→ Your instructions
Any picture in the material should be left out, while all other lines are copied exactly.

→ Input data
· · · · ·

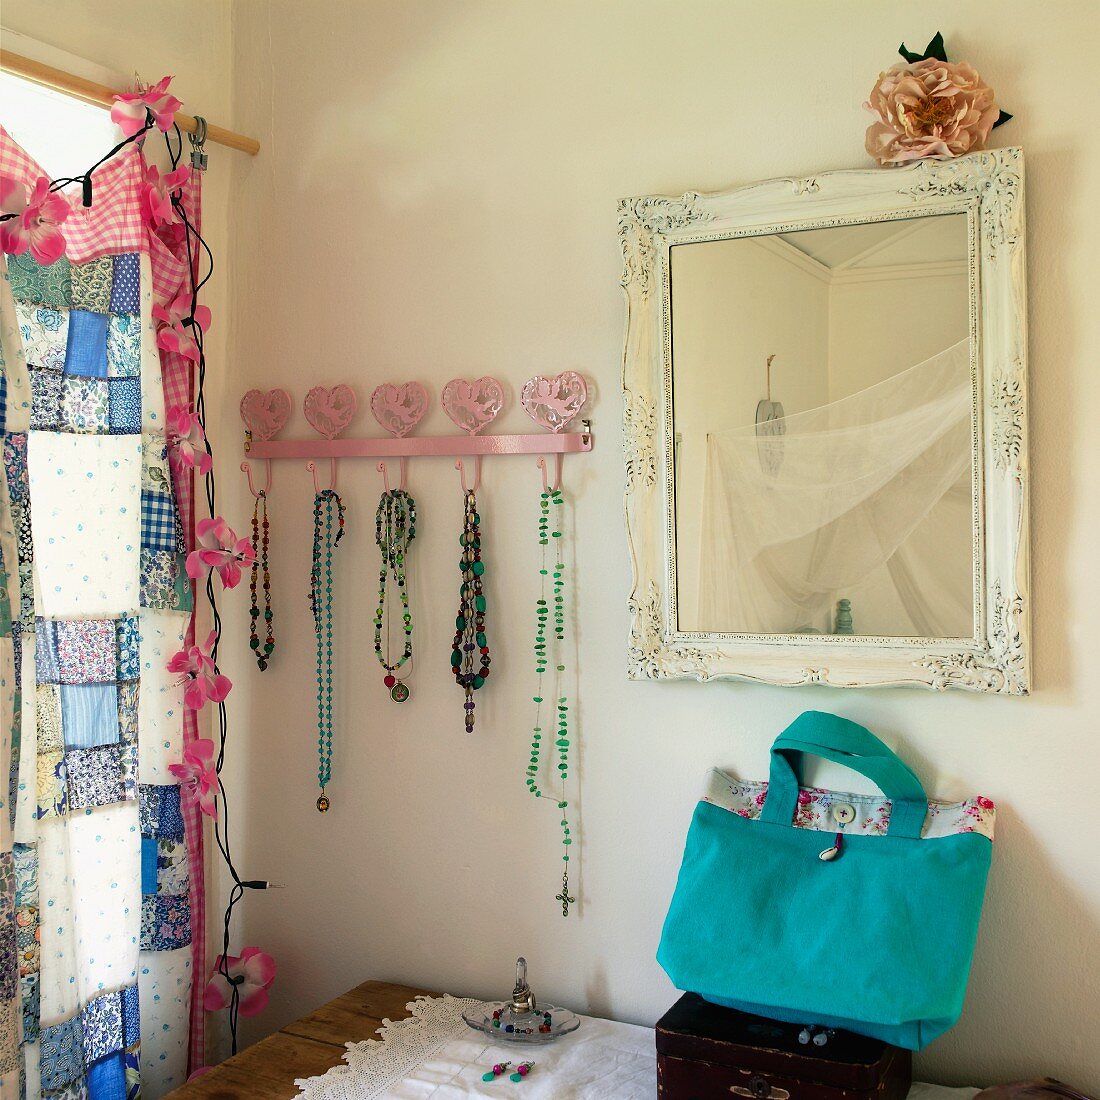 Vintage mirror and strings of beads on pink coat rack with heart motif next to window with patchwork curtain and garland of floral fairy lights
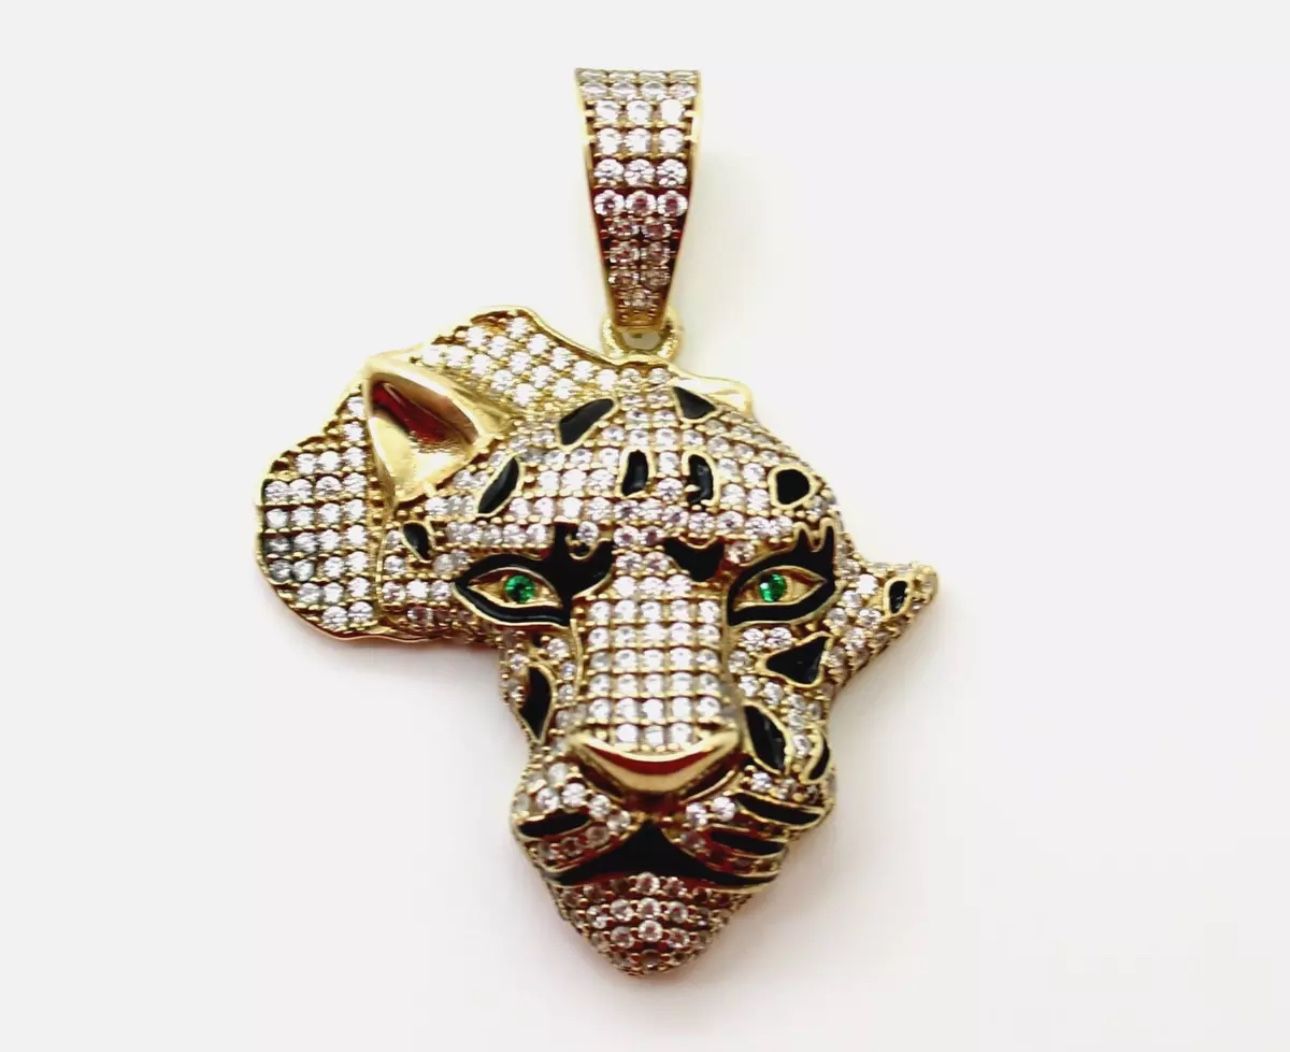 10K Yellow Gold Tiger Head & Africa Map Pendant w/Pave Cubic Zirconia Stones
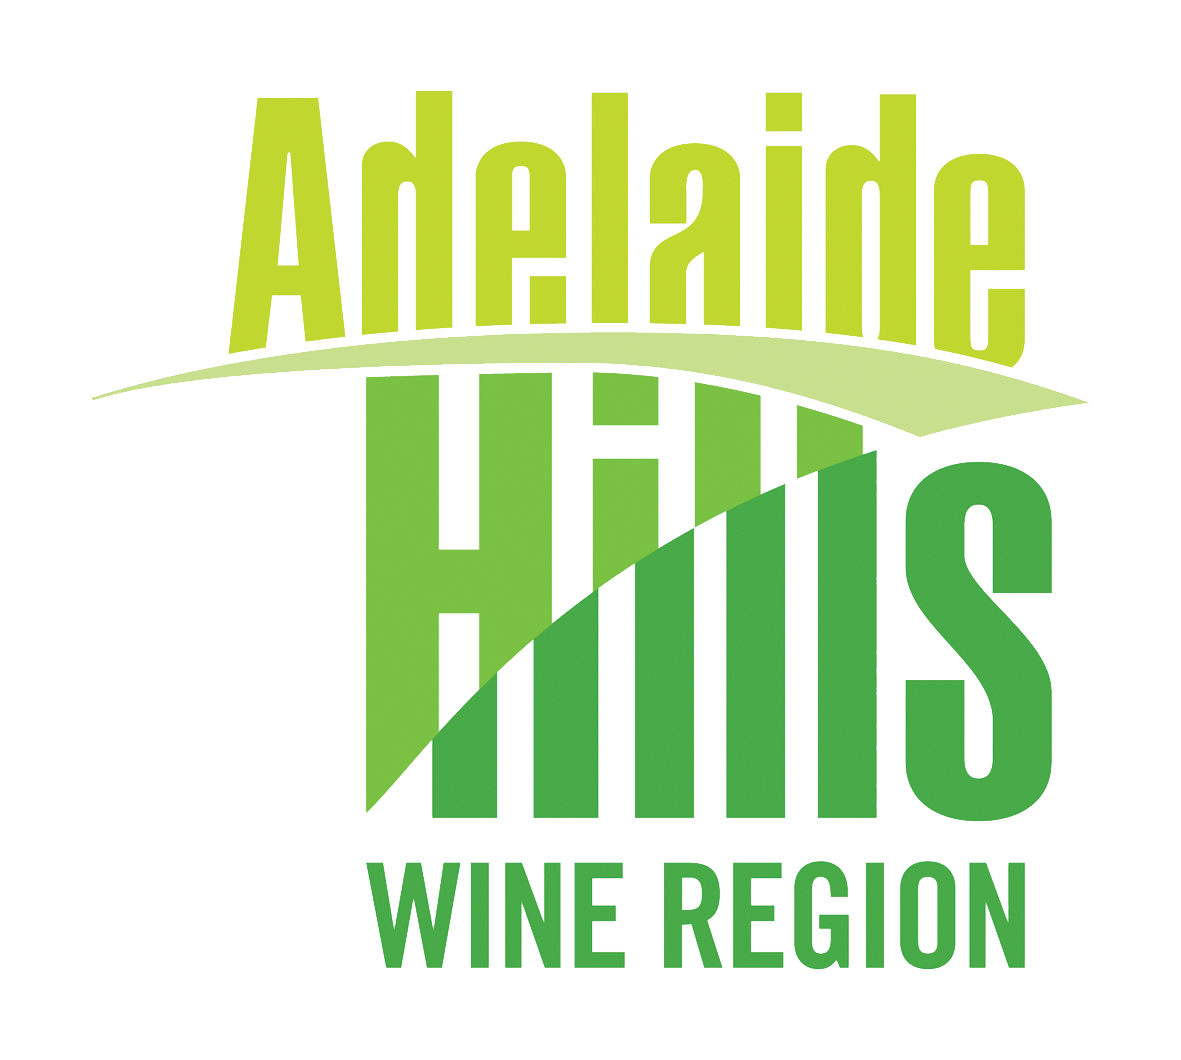 File:Adelaide Hills Council.s
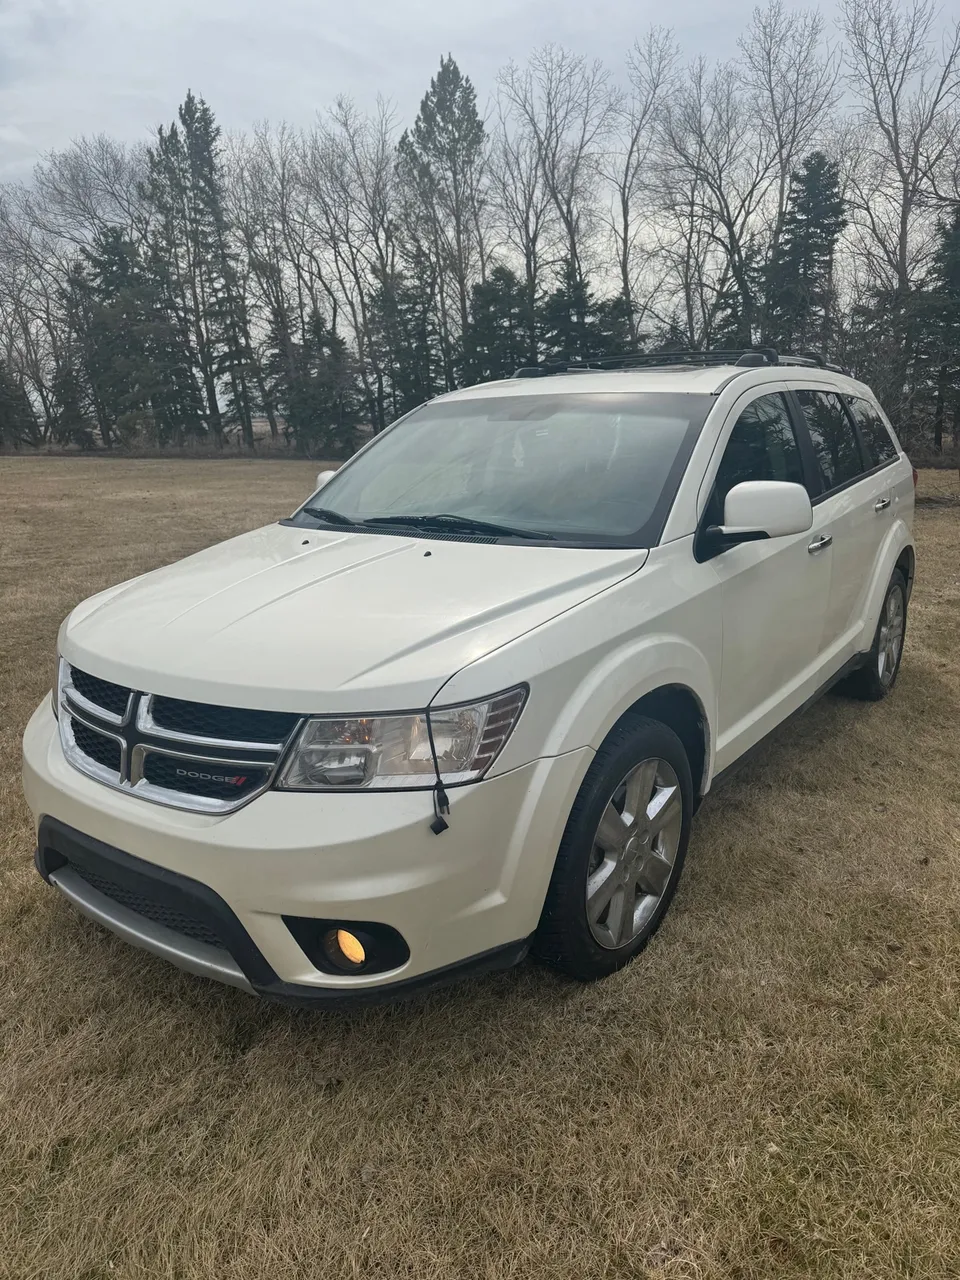 2013 DODGE JOURNEY AWD CLEAN TITLE SAFETIED $10,850

· · · · ·

→ Exercise answer
 Vintage mirror and strings of beads on pink coat rack with heart motif next to window with patchwork curtain and garland of floral fairy lights
 10K Yellow Gold Tiger Head & Africa Map Pendant w/Pave Cubic Zirconia Stones
 File:Adelaide Hills Council.s
 2013 DODGE JOURNEY AWD CLEAN TITLE SAFETIED $10,850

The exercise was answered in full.